The AI model landscape has changed. The focus is no longer on building the largest model, but on creating smaller models that are still useful. Google's Gemini 1.5 Flash, Meta's Llama 3.1 8B, and Microsoft's Phi-3 Mini are currently winning in real production deployments. The reasons for their success come down to simple engineering economics.
Large models like GPT-4 are capable but expensive to run at scale. For features handling millions of requests daily, small differences in per-token cost add up to serious infrastructure expenses. Companies have found that deploying GPT-4 for every user interaction may not be necessary. A model that is good enough and costs less can be a better choice.
For many tasks, a model that is good enough will win. Tasks like classifying support tickets, summarizing short documents, generating structured output from a template, and answering FAQ-style questions from a knowledge base can be handled reliably by a well-tuned 8 billion parameter model. Only the genuinely hard problems require GPT-4 scale reasoning.
In practice, this means that the cost of running a large model can be 5 to 10 times higher than a smaller model, depending on the specific use case and the efficiency of the deployment. For example, a company like Amazon may need to process tens of millions of product reviews daily. Using a smaller model like Meta's Llama 3.1 8B can save millions of dollars in infrastructure costs per year, compared to using a larger model like GPT-4. This is a trade-off that companies are willing to make, given the significant cost savings.
Google's Gemini 1.5 Flash, released in May, has become an interesting model in production use. It's optimized for speed and cost rather than maximum capability, but it inherits a long context window from the Pro variant. This makes it suitable for document processing, code review on large codebases, and long-form summarization. The Gemini model is a good example of how a smaller model can be designed to excel in specific tasks, rather than trying to be a general-purpose model like GPT-4.
Microsoft's Phi-3 Mini has 3.8 billion parameters and can run comfortably on a laptop CPU or mobile device. The model was trained with a focus on reasoning capability relative to its size using a 'textbook quality' data curation approach. For on-device AI features, edge deployments, or scenarios where network calls are not possible, Phi-3 class models are worth evaluating. The use of tools like TensorFlow Lite and OpenVINO has also made it easier to deploy these smaller models on a variety of devices, from smartphones to smart home devices.

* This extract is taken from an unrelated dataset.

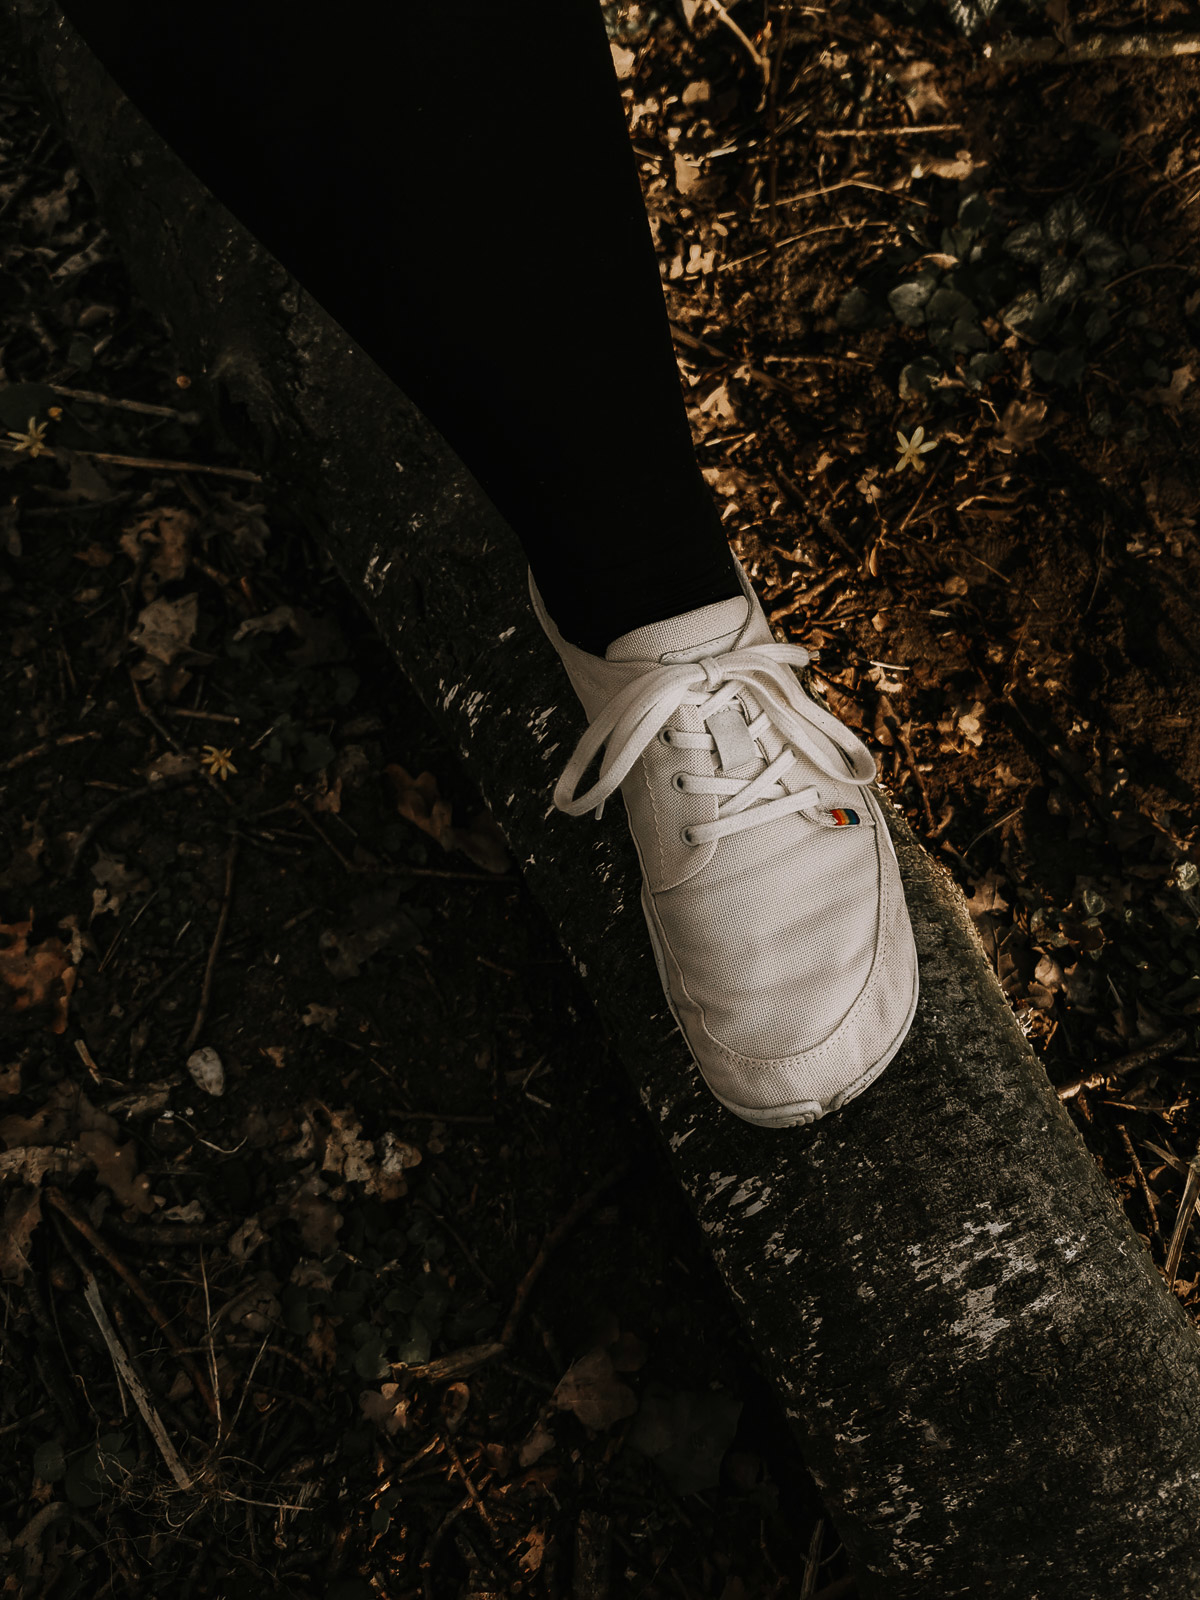 Wildling, Wildling Shoes, Wildlinge im Test, Wildling Schuhe Erfahrungsbericht, Wildling Erfahrungsbericht, Minimalschuhe, Minimalschuhe Erfahrungsbericht, Minimalschuhe Test, Minimalschuhe, Minimalschuhen

The use of smaller models also changes the way companies approach model training and deployment. With smaller models, companies can train and deploy multiple models in parallel, each optimized for a specific task or use case. This approach can lead to significant improvements in overall system performance and efficiency. For example, a company like Uber may use a smaller model for simple tasks like language translation, while using a larger model for more complex tasks like conversational dialogue systems. This approach requires careful planning and management, but can lead to significant cost savings and performance improvements.
Retrieval-augmented generation changes the calculation for small models. If a smaller model has good context through retrieval, it doesn't need to hold as much world knowledge in its weights. A 7B model with good RAG plumbing can outperform a 70B model answering from memory alone on domain-specific tasks. This is because the smaller model can focus on learning the specific task or domain, rather than trying to learn general knowledge. Tools like Faiss and Hugging Face's Transformers library have made it easier to implement retrieval-augmented generation in production systems.
The trend is clear. Use the largest model where complexity justifies it, and smaller, faster, cheaper models everywhere else. Teams building the most cost-effective AI systems are those that applied this discipline early.